On the other hand, the coefficients of the interaction terms Corruption_Greenfield are negative in Telecommunication and Transportation model and are insignificant in Electricity model. This results suggest that, in a highly corrupt environment, greenfield investments contribute no developmental value since FDI investors must allocate a great amount of money to address corruption, leading to an increase in business expenses and risks and a reduction of profit. As a consequence, they have little or no developmental impact on recipient countries (Bardhan, 1997; Tanzi & Davoodi, 1997).

Overall, it appears that these two contradictory influences of corruption and FDI components on public-service sectors seem to cancel each other out, making the impact of aggregated FDI and corruption insignificant regardless of different types of sectors examined. More interesting, the insignificant impacts on the electricity sector imply that there are some unique characteristics that distinguish the electricity sector from the other two public service sectors. In particular, the electricity sector is usually known as having monopoly power and high protection from government. As a result, FDI flow in electricity may exert no value just because foreign investors have very little chance to access resources and obtain business licenses. Meanwhile, since telecommunication and transportation sectors have become increasingly competitive markets and attracted greatest amount of FDI thanks to technological changes, regulatory innovations and the quick removal of their monopoly status. In this respect, FDI investors have more opportunities to operate in telecommunication and transportation sectors and, thus, they could contribute to the development of these sectors.

 

4. Conclusion and Discussion

 

The main purpose of this study is to empirically investigate the effect of foreign direct investment (FDI) and corruption on the development of public service sectors in recipient nations. It further investigates the effect of two FDI sub-types and corruption on the development of public service facilities in 10 ASEAN countries.

Using a panel database from 10 emerging countries between 1996 and 2015, we first find that FDI strongly and positively contributes to the development of the public-service sectors in the recipient nations, except for the electricity sector.

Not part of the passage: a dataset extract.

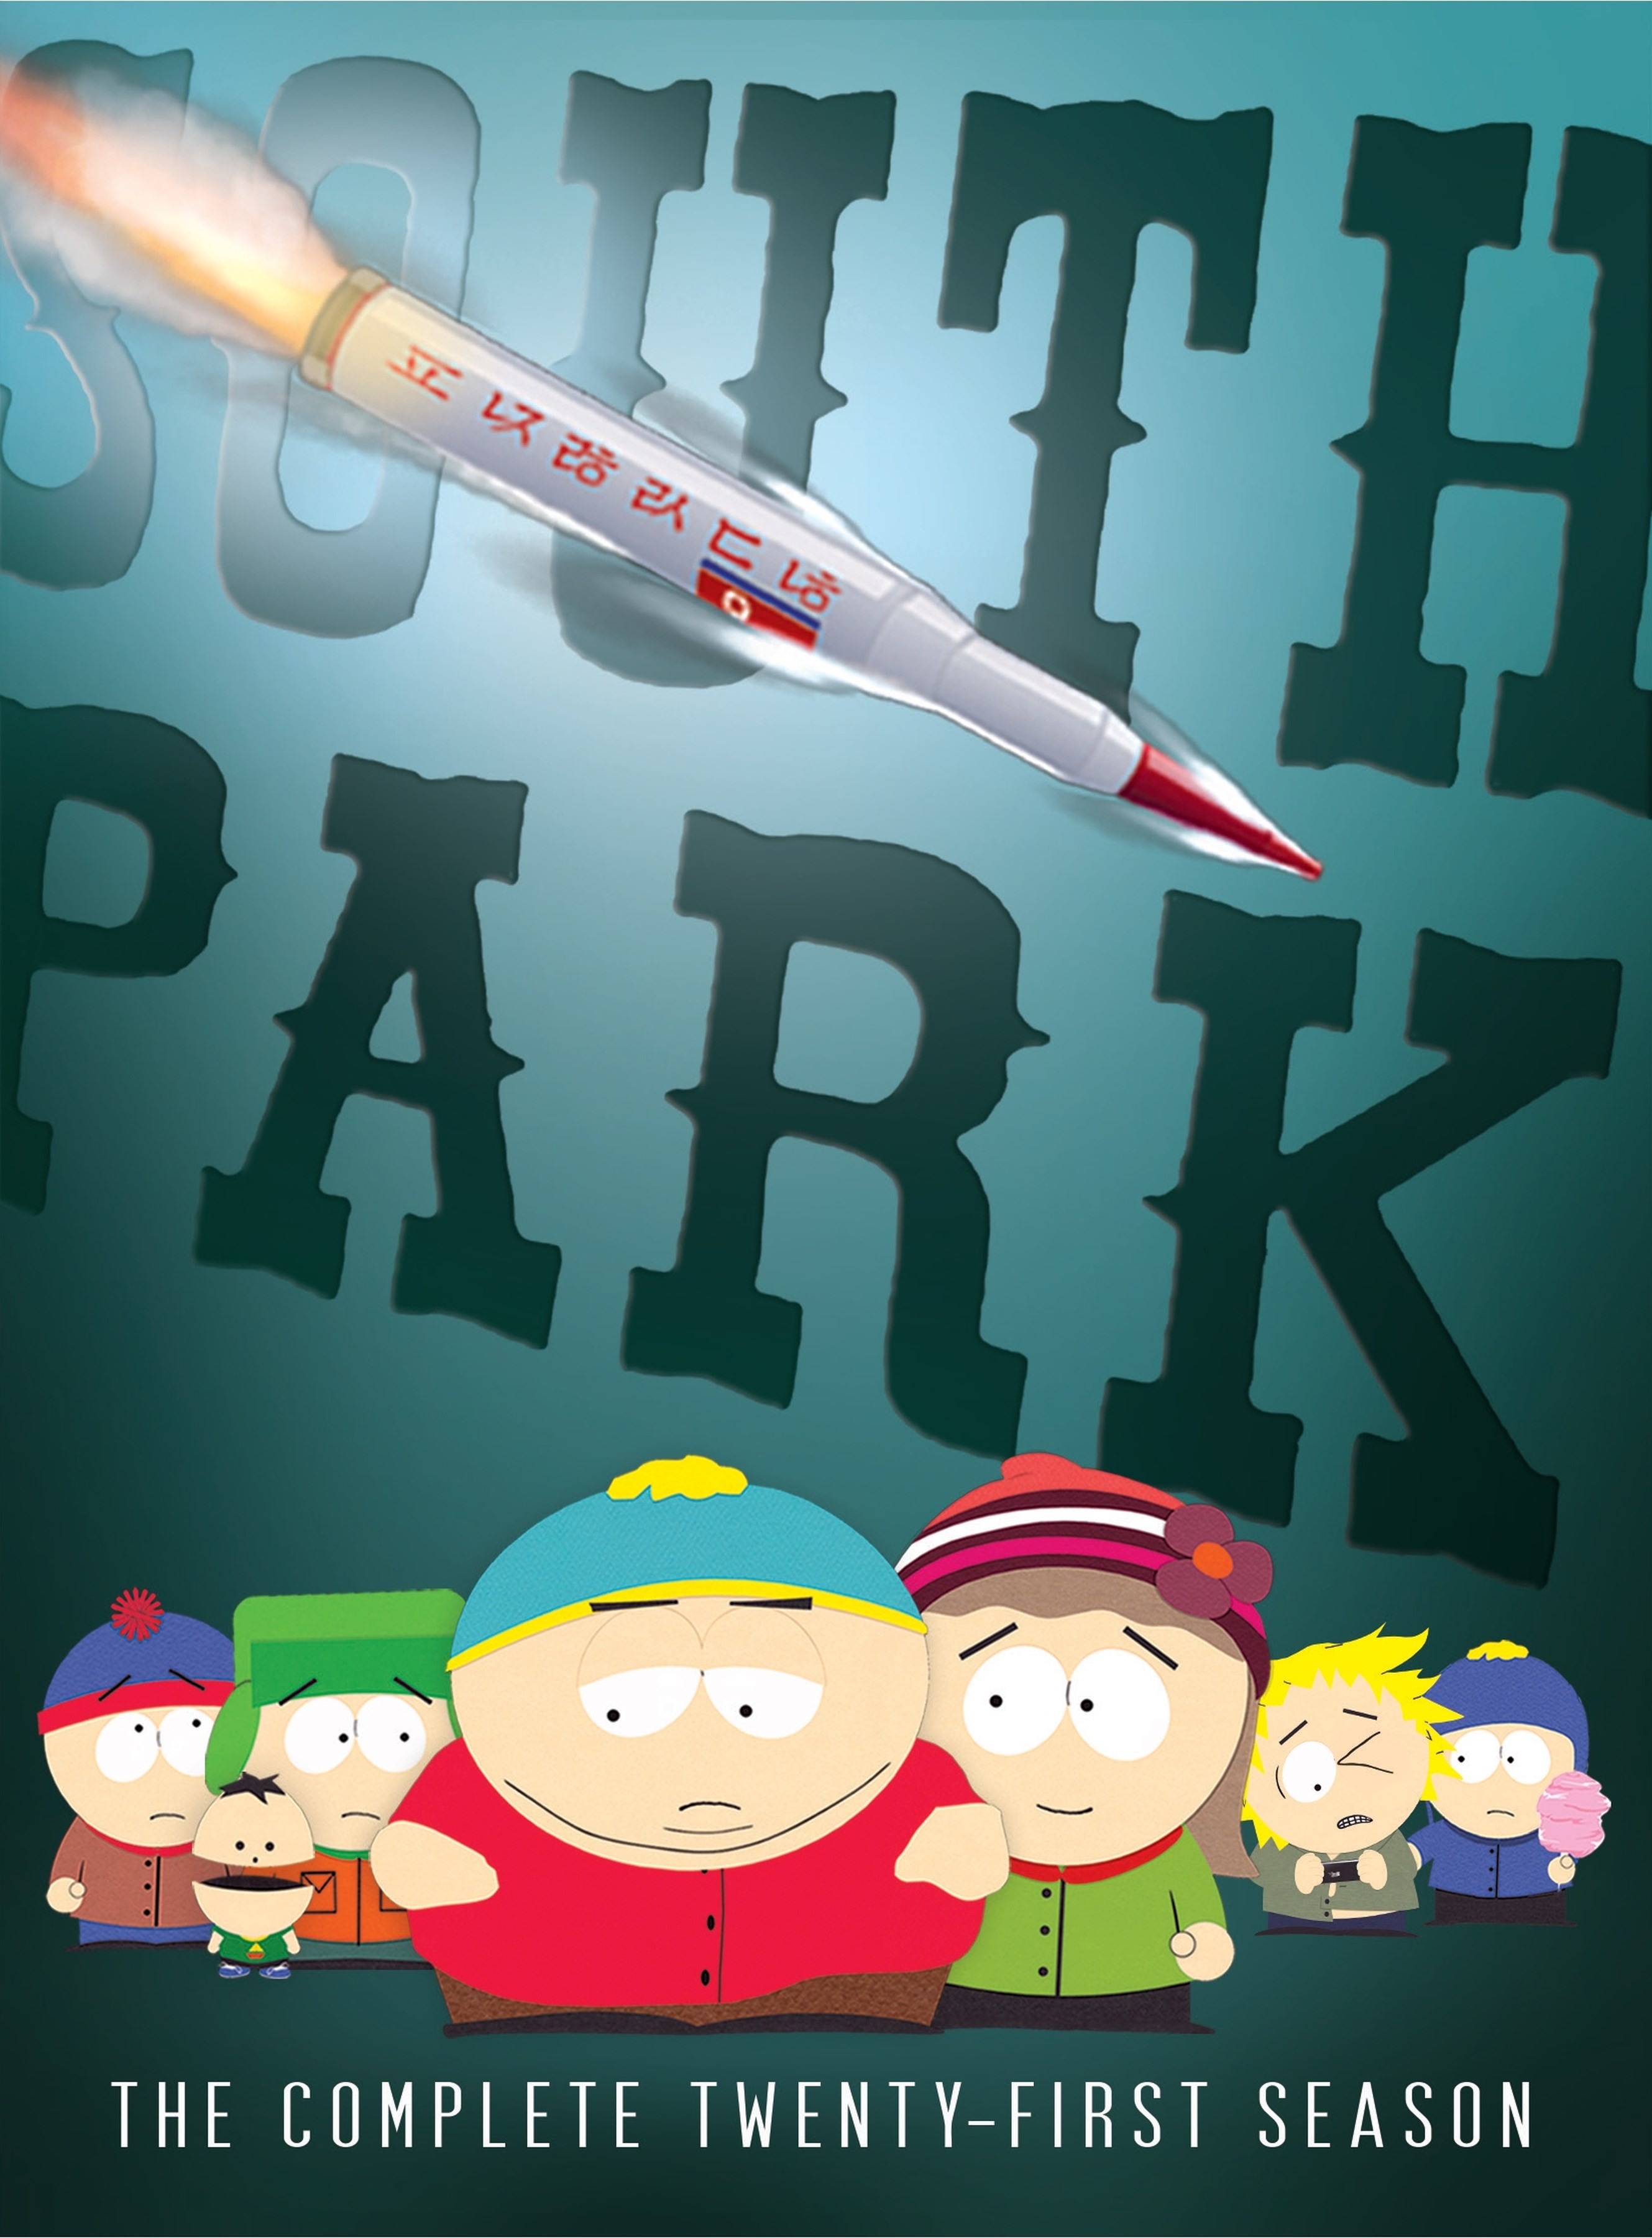 South Park: The Streaming Wars [Blu-ray] - Best Buy

We further find that, while greenfield investment has a positive influence on the development of telecommunication and transportation sectors, cross-border M&A has no developmental impact, possibly due to their differences in nature and, thus, they may produce different impacts on the host country. We also document that, when controlling for corruption, the study can provide a more in-depth insight into the impact of FDI and its two components. We found that in a corrupt environment, aggregate FDI might have no influence on all three public-service sectors, possibly because the two contradictory influences of corruption and two types of FDI components seem to cancel each other out.

Taken together, our study may contribute to the literature by providing evidence that, since the modes of entry are different in nature, they can have different influences on the development of public-service sectors. These findings therefore suggest that policymakers, when building their strategy to attract FDI, should take the modes of entry into consideration since only FDI investment in the form of greenfield can have a positive impact on the recipient countries. However, in order to benefit more from FDI activities, emerging countries need to control the level of corruption because, in a highly corrupt environment, greenfield investment might contribute no developmental impact on the host countries. In addition, the different impact of FDI among the three public-service sectors also implies that FDI investors need to focus on areas where they possess advantages (i.e., superior experts and technological advances like telecommunication) and be wary of participating in areas that continue to be very government-dependent such as electricity to reduce risks and uncertainties.